Similarities and differences between the CON and the SN are yet to be established. There is a possibility that the SN’s core nodes dynamically interact with different cortical regions to accomplish different tasks based on specific cognitive demands. To resolve this issue, studies that go beyond solely examining the functional imaging literature but instead also explore the anatomical basis of these networks will be valuable. For example, as described above, anatomical connectivity and cytoarchitecture differentiate the dorsal vs. ventral AIC, which could also support distinct functional connectivity. Moreover, some of these subregions may be more or less well represented in nonhuman animal species used for preclinical studies. The cross-species study of the SN by Tsai and colleagues (2020) (discussed in detail below) provides an excellent example of this approach [141].

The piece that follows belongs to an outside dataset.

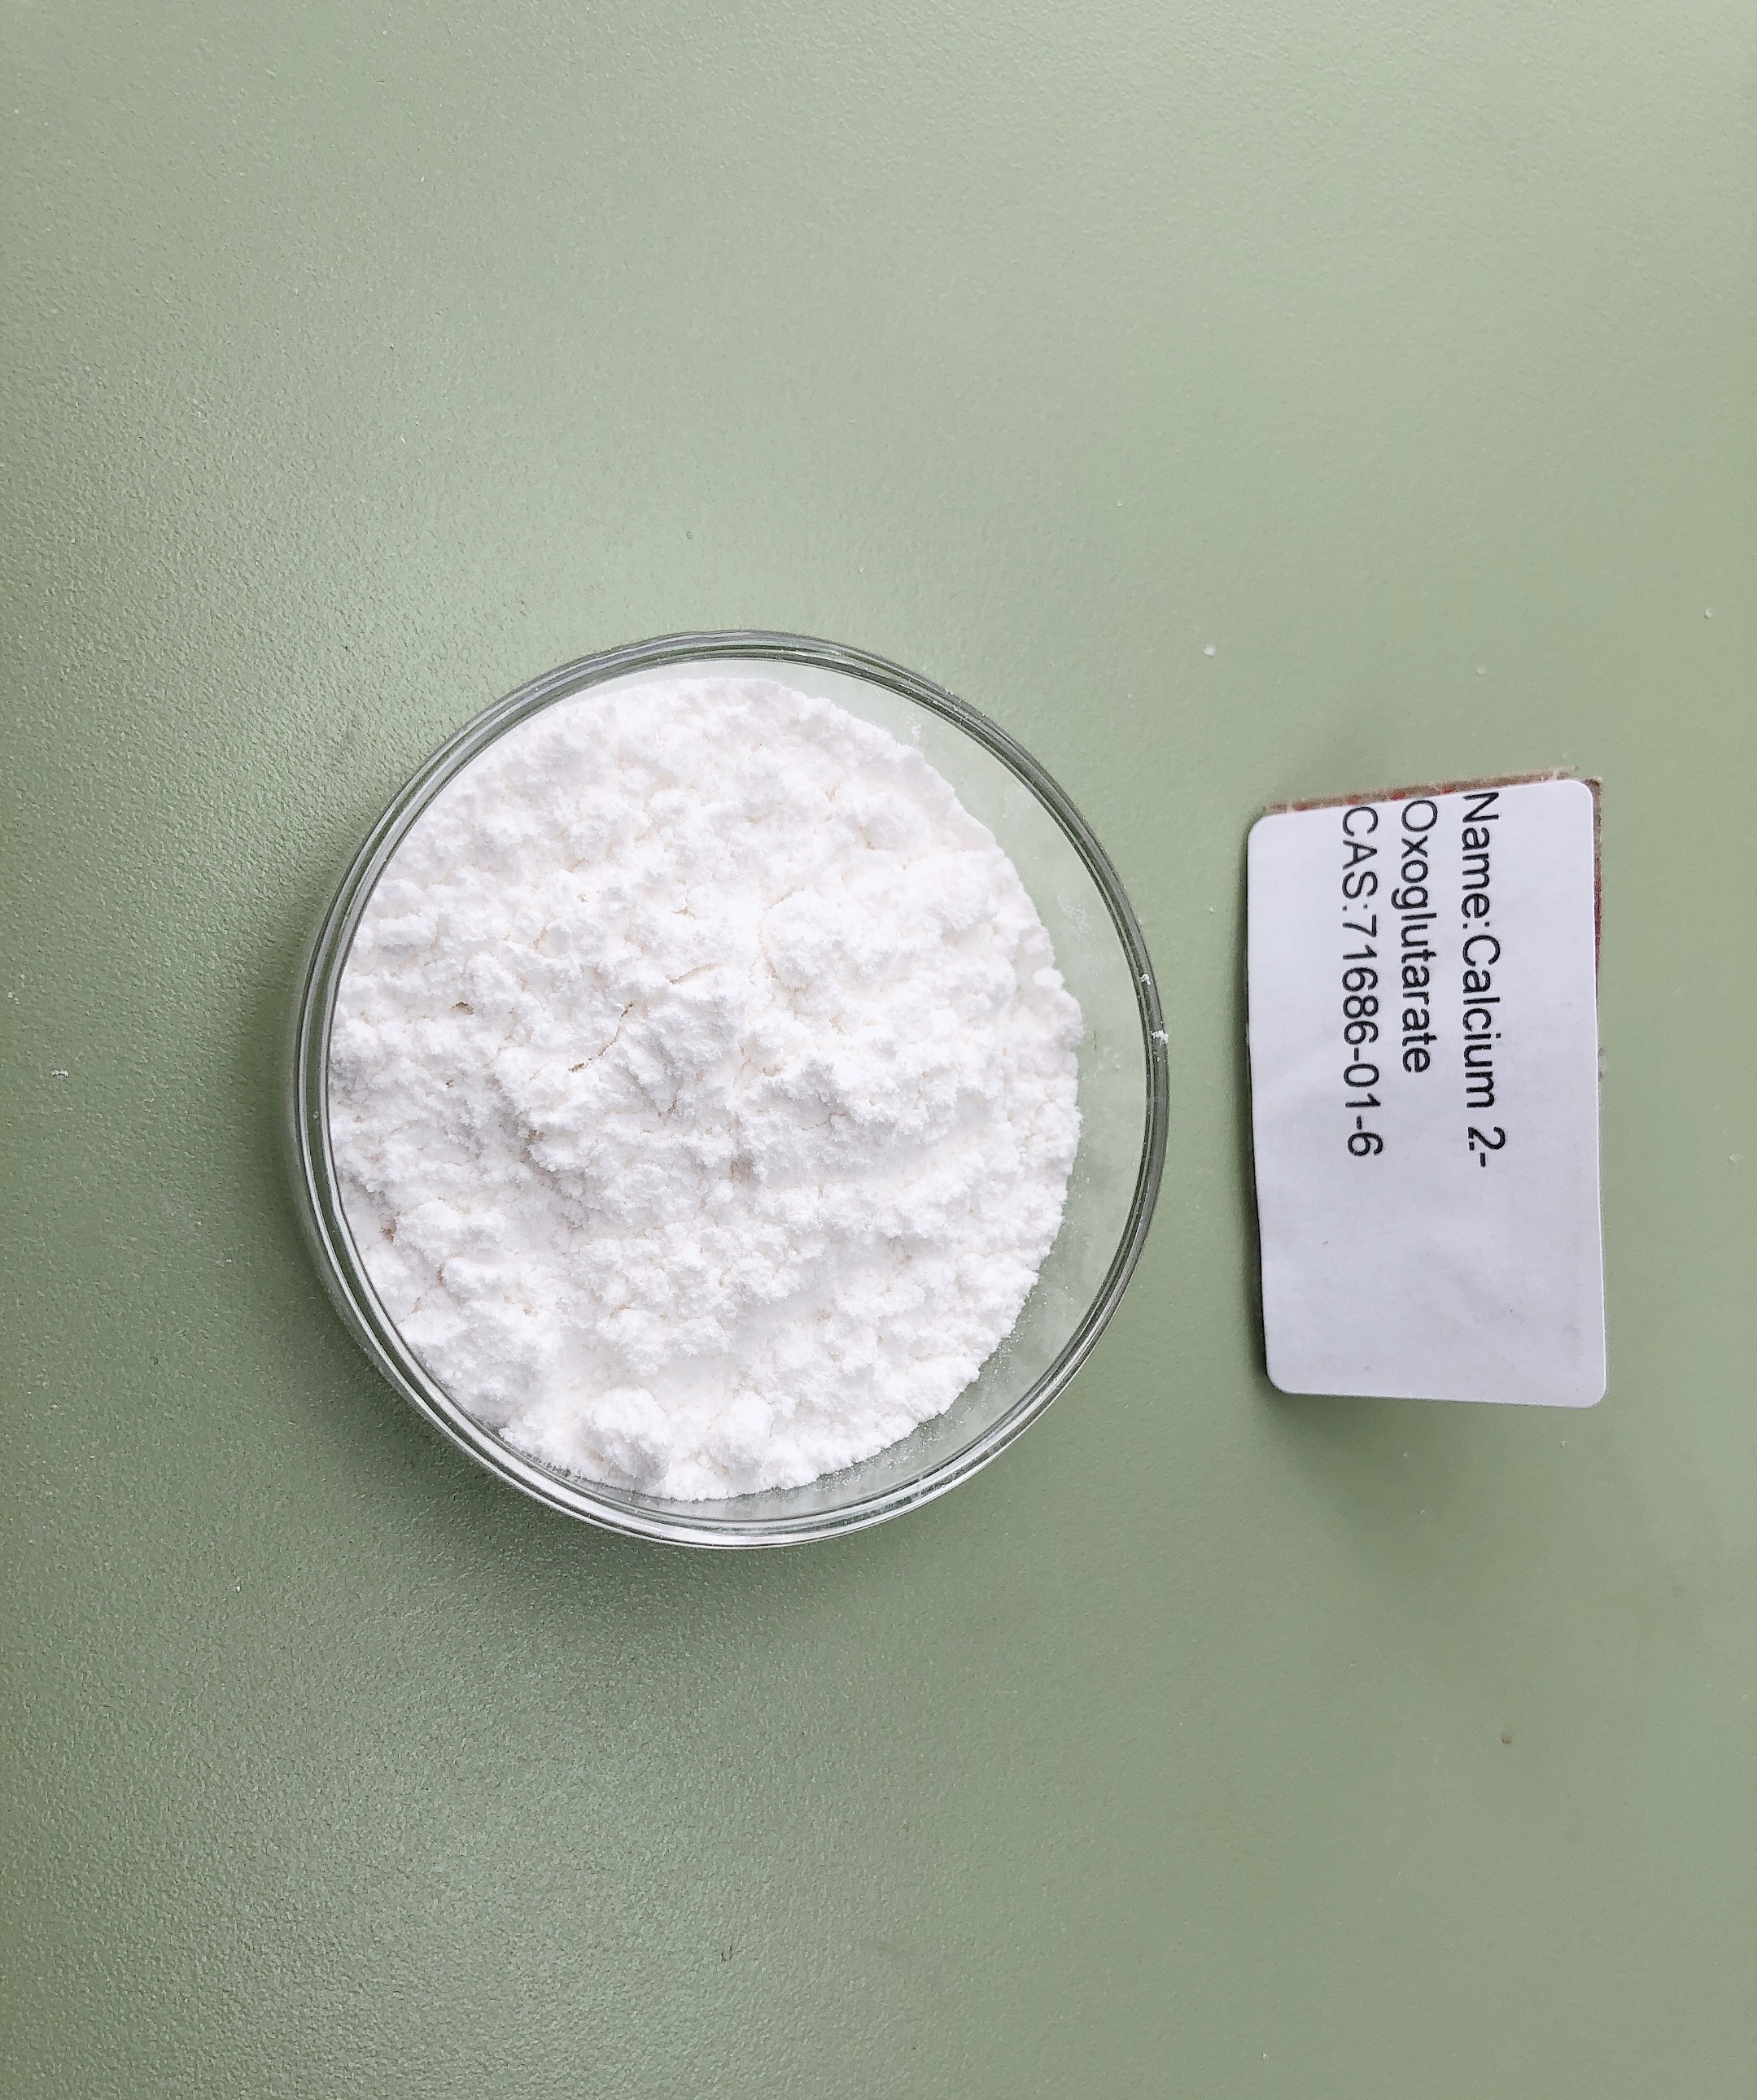 Calcium 2-Oxoglutarate

3. The Salience Network in Addiction

Decades of human neuroimaging work have not only demonstrated that the SN is abnormal in addiction but have coalesced around many of the specifics of its pathophysiology. First, the SN is structurally altered in addiction; specifically, evidence points to reductions in volume, gray matter density, and white matter integrity in regions of the SN in addiction [107,142,143,144,145,146,147,148]. For example, alcohol use disorder and nicotine addiction are associated with a reduction in gray matter density in the AIC and ACC [20,143,149,150], as well as reduced cerebral blood flow to the AIC [149,151,152,153]. Interestingly, there is a reduced density of VENs in the AIC of individuals with alcohol dependency compared with controls [154]. Furthermore, reduced AIC volume correlates with higher levels of impulsivity and compulsivity in individuals with alcohol dependency [20]. Similar findings have also been identified for individuals with cocaine dependency [155,156]. Additionally, AIC cortical volume is negatively associated with the severity of alcohol dependency symptoms; thus, there is reduced volume of the AIC and ACC in alcohol dependency [20]. Furthermore, aberrant white matter fractional anisotropy (a measure from diffusion MRI used as a proxy for white matter integrity) found in the cingulum bundle, which is adjacent to the dACC, is correlated with alcohol, heroin, and cocaine use [157,158,159]. Notably, the SN is not solely involved in addiction: several different psychiatric diagnoses (including addiction) are associated with reduced gray matter density in the dACC and the AIC [160].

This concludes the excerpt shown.